A level-two coaching workshop funded by the grant will be conducted by Surinamese John Goede and assisted by national technical director Douglas Burke and begin in Montego Bay at the Tryall Club from October 13-25 before moving to the Eric Bell Tennis Centre in Kingston from October 27-November 8.
The aim of the one-month course, which will begin with tutorials, will be the training and certification of well-qualified, high-level local coaches able to teach the game to intermediate and advanced players.
"From our perspective, this is a stepping stone to the creation of local tennis academies. For too long, we have had to export our student athletes in order for them to hone their skills in foreign academies and universities," said general secretary of TJ, Christine Gore. "Not only is it an expensive proposition that provides no local employment, but in most cases the child grows up overseas and ultimately stays there."
Phillip Gore, president of TJ, was quick to point out that the coaching clinic fell within broader plans, which the organisation hopes will push the game to the next level.
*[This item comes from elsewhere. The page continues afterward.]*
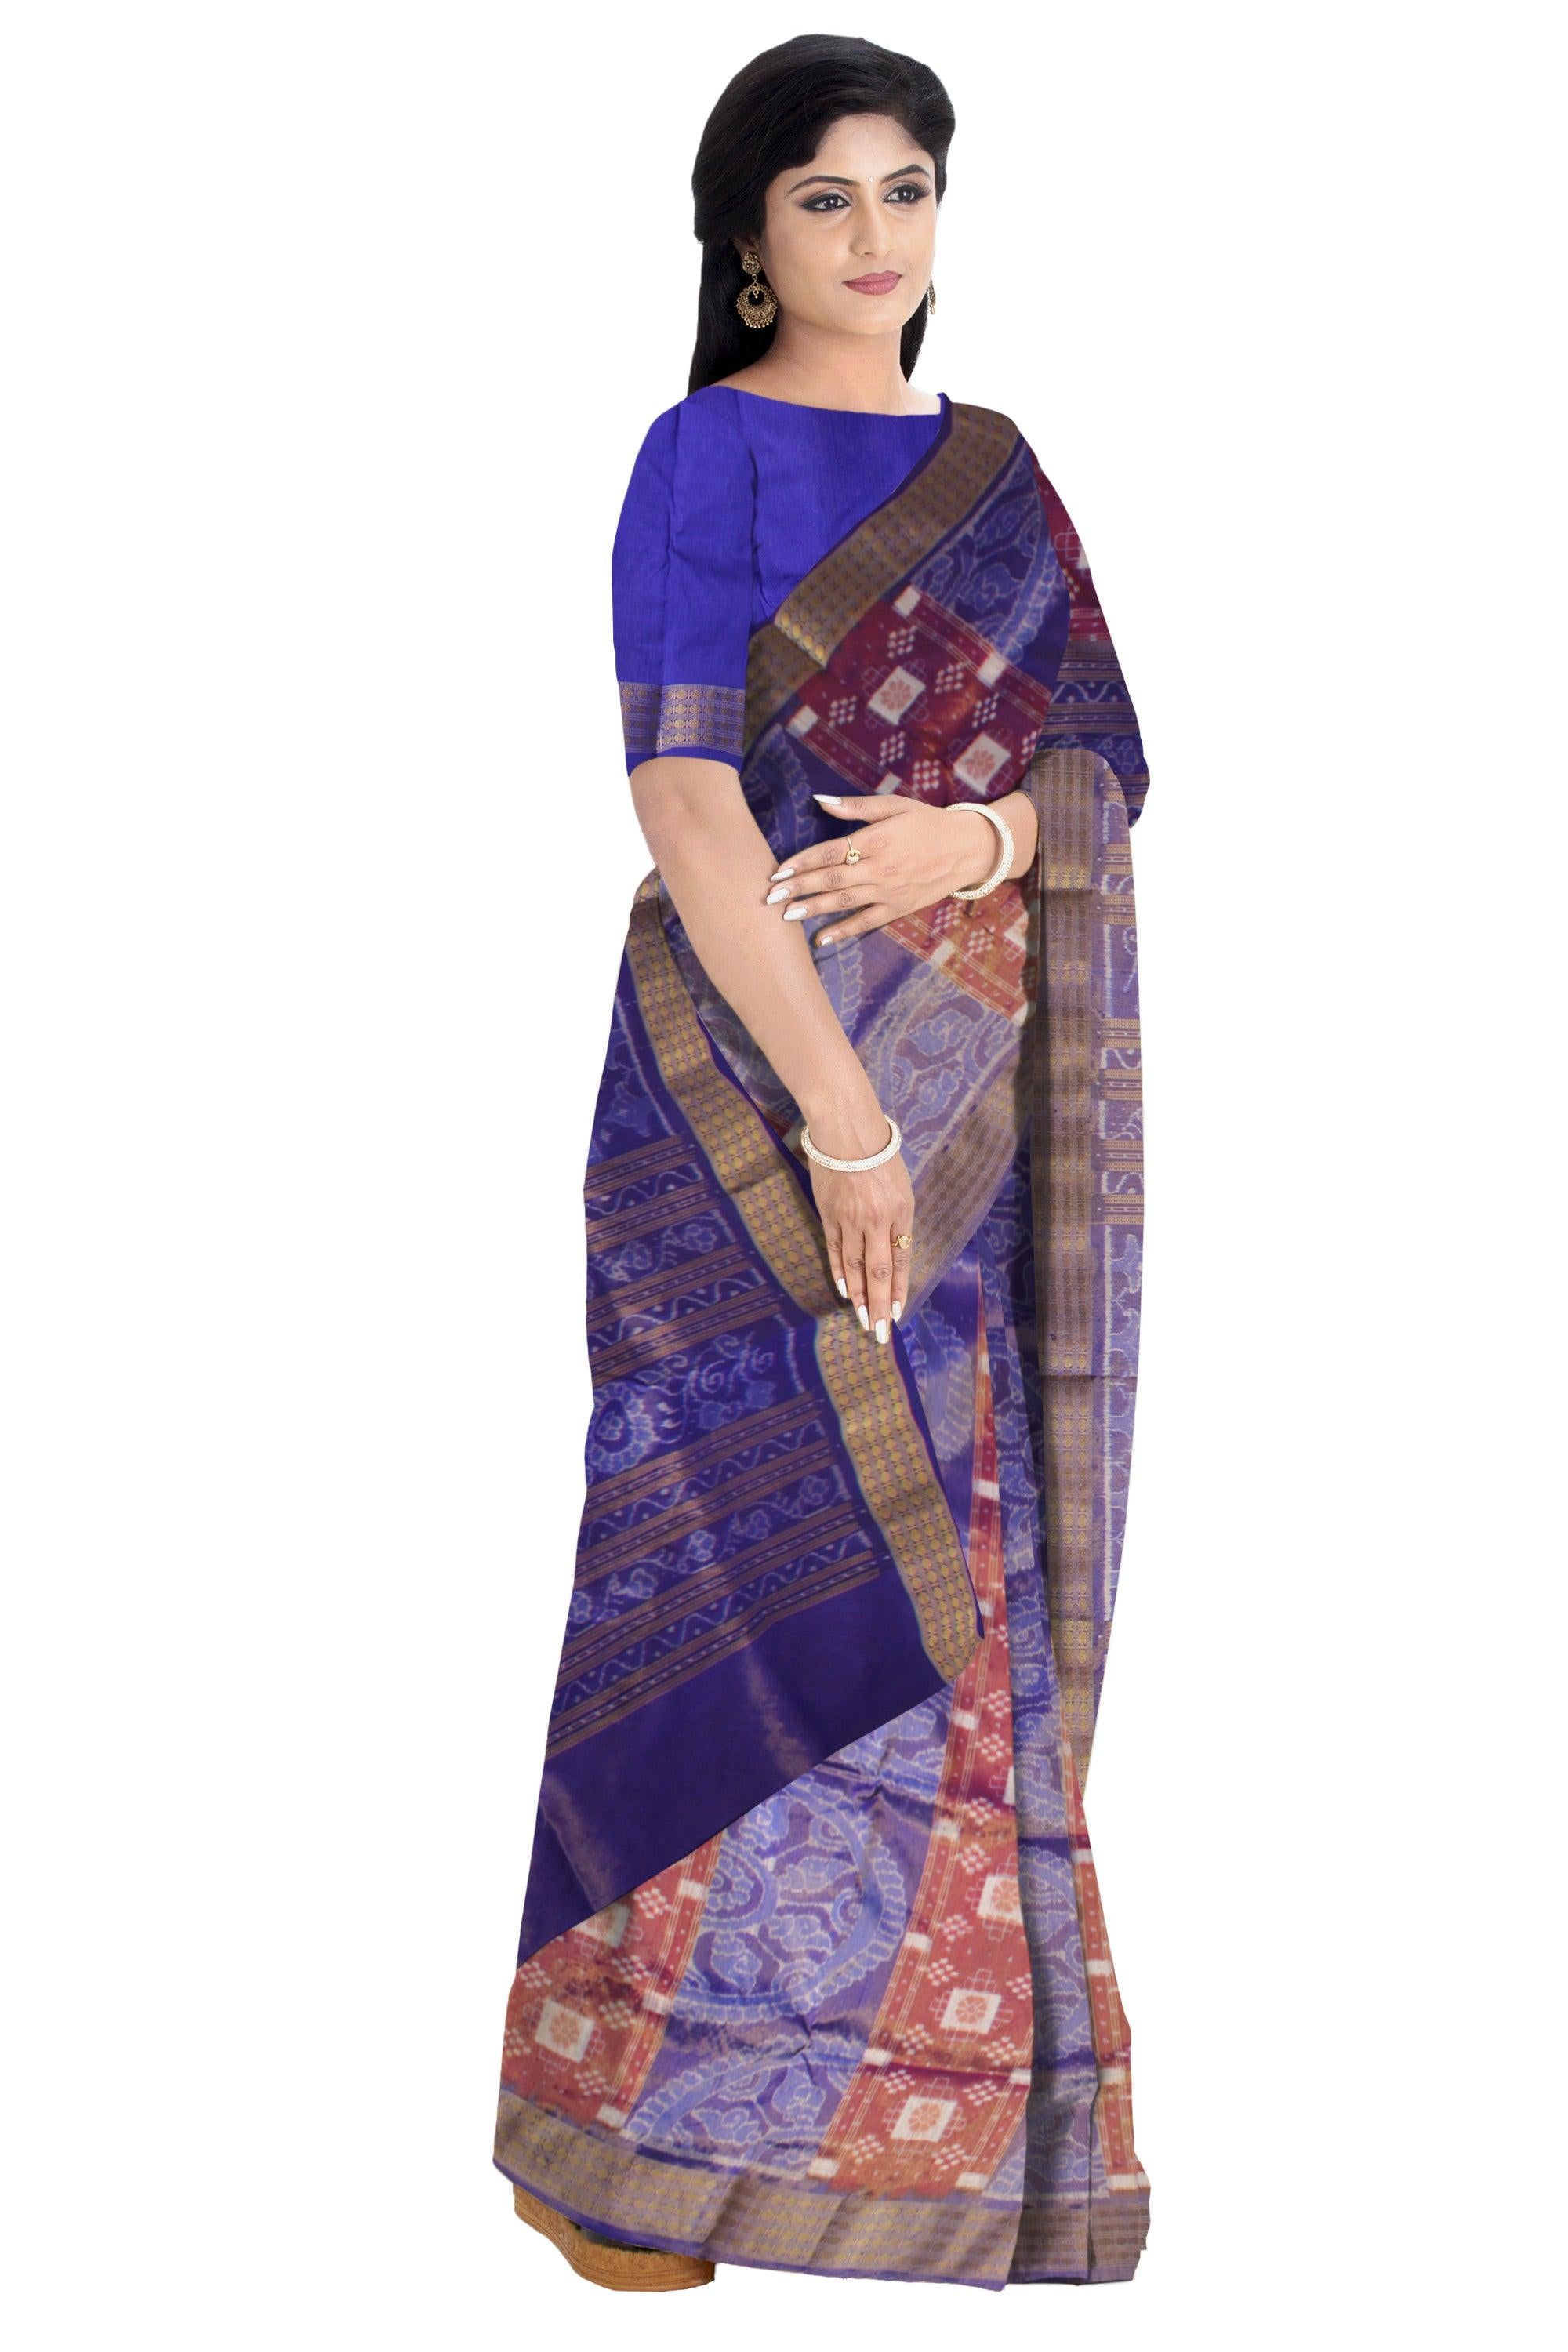 LATEST MARRAIGE COLLECTION PURE TISSUE SILK SAREE IS LIGHT BLUE AND DARK-ORANGE COLOR BASE, COMES WITH MATCHING BLOUSE PIECE. - Koshali Arts & Crafts Enterprise

According to Gore, in addition to better coaches, the organisation will continue its focus on support for athletes already on scholarships and emphasise widening and improving the school programme and infrastructural development.
"We have been spending a lot of time investing heavily in expanding our school programme, after all , this is where the future stars will come from," Gore said. "Of course, many still hold the view that tennis is an elitist sport, this isn't the case, and we have been working towards dispelling that."